Ей вдруг стало очень легко. Все черные стороны исчезали, оставалась лишь светлая, тихая жизнь.

«Да, здесь воскресение и примирение со всем прошлым. Только бы сил побольше, а главное — любви…»

Она осмотрелась кругом. Среди снежной равнины мелькали огоньки, где-то лаяла собака.

— Андрей, что, приехали? — радостно спросила Елизавета Михайловна.

— Приехали, барышня, слава тебе Господи. Уж, видно, больно соскучилась. Да и шутка сказать, из Москвы изволишь ехать. Небось все косточки растрясла. Тоже чугунка томить людей любит. Орет, шумит, гудит, да и дело делает. Самому езжать не приходилось, а тоже видал. Диковинка!.. — говорил старик-ямщик, сам обрадовавшийся концу путешествия. — Эй, вы, голубчики! — прикрикнул он на лошадей, и они, радостно приободрившись, рысцой затрусили по гладкой дороге.
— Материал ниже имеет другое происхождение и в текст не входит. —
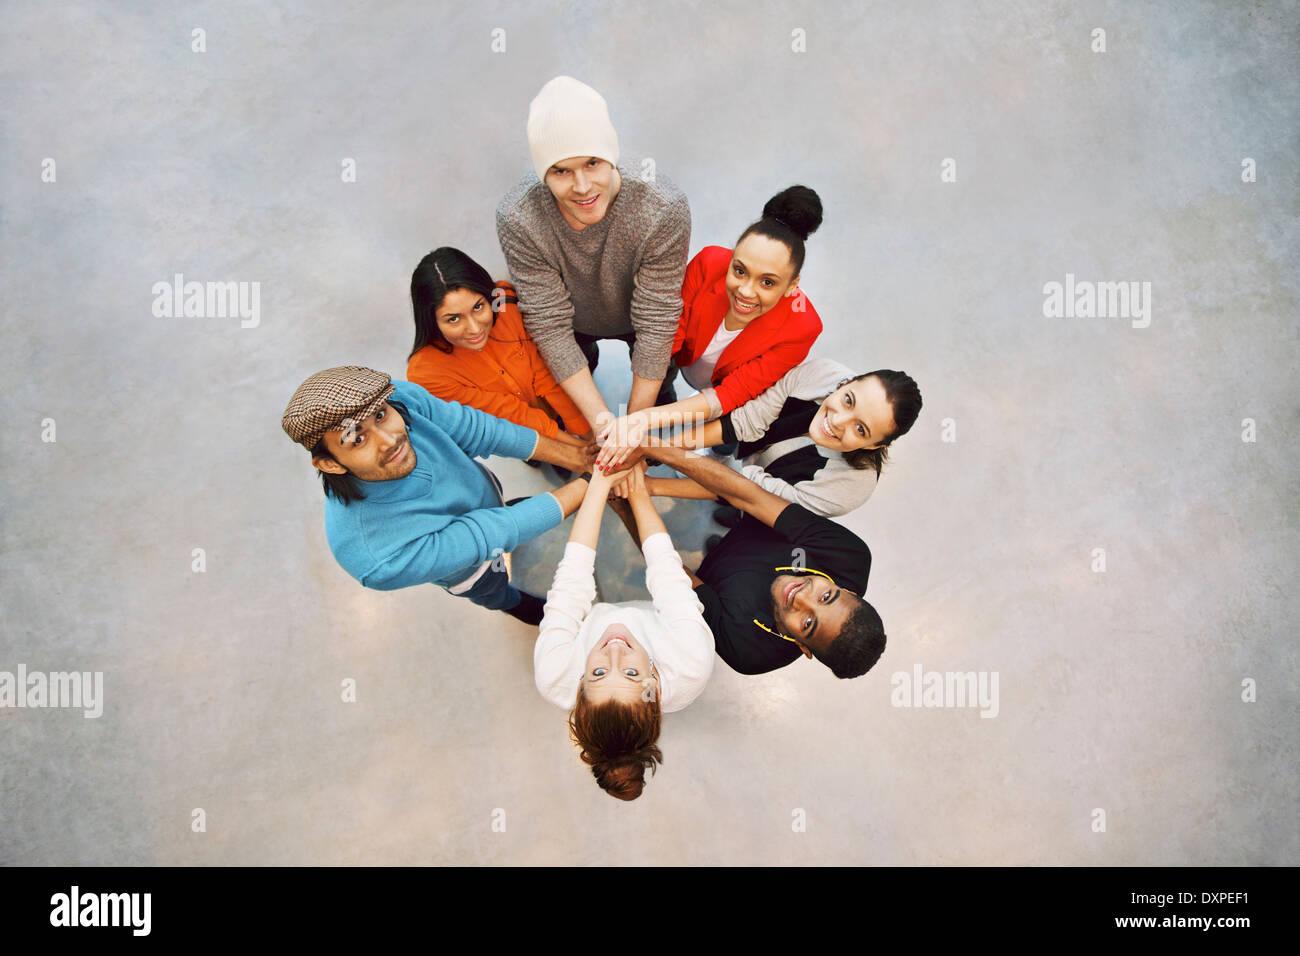 Groupe de professionnels jeunes étudiants montrant. Vue de dessus du groupe multiethnique de jeunes mettent leurs mains ensemble. Photo Stock

И крик Андрея, и его слова, и приближающиеся, мелькающие огоньки — все это ей необыкновенно понравилось. Она закуталась в плед и с ожиданием стала смотреть вдаль. Белая церковь резче выступала из ночной мглы; чернелись, слабо обрисовываясь, крестьянские избы.

«Новая жизнь, новые люди, — думалось ей. — О, если бы здесь не прожить бесследно! Пусть даже теперь и не оценят, — не нужно их благодарности; может когда-нибудь на могилу мою придет кто из бывших учеников, помолится, пожалеет, положит венок из полевых цветов. Да не нужно и этого, — только бы в сердце почувствовали. Господи, что-то будет!»

И ей хотелось верить в счастье и будущее.

Огоньки приближались, и некоторые дома уже рельефно выступали из глубокой теми мартовской ночи.

IV

Елизавета Михайловна поселилась в новом домике села Спасского. Дни проходили за днями, а светлое чувство, появившееся в ней при везде в село, оставалось нетронутым. Минутами являлись жгучие воспоминания, но мирное настроение ее не нарушалось; напротив, чем тяжелее были они, тем более росла и крепла вера в будущее. Все пережитое ею казалось только приготовлением для этой новой жизни. Она была так полна своим чувством, что не замечала ни полнейшего равнодушия, ни подчас косых взглядов окружающих. Старуха, прислуживавшая ей, все что-то ворчала, но Лиза этого не замечала. Она даже любила смотреть на ее лицо, покрытое бесчисленными морщинками, — оно напоминало ей няню. Школа еще не открывалась. Лиза предложила крестьянам, чтобы дети начали ходить учиться до ее открытия, но получила в ответ, что великим постом Богу молиться надо, а не с книжками сидеть. Ее это не обидело. Напротив, она вполне сознавала правоту их.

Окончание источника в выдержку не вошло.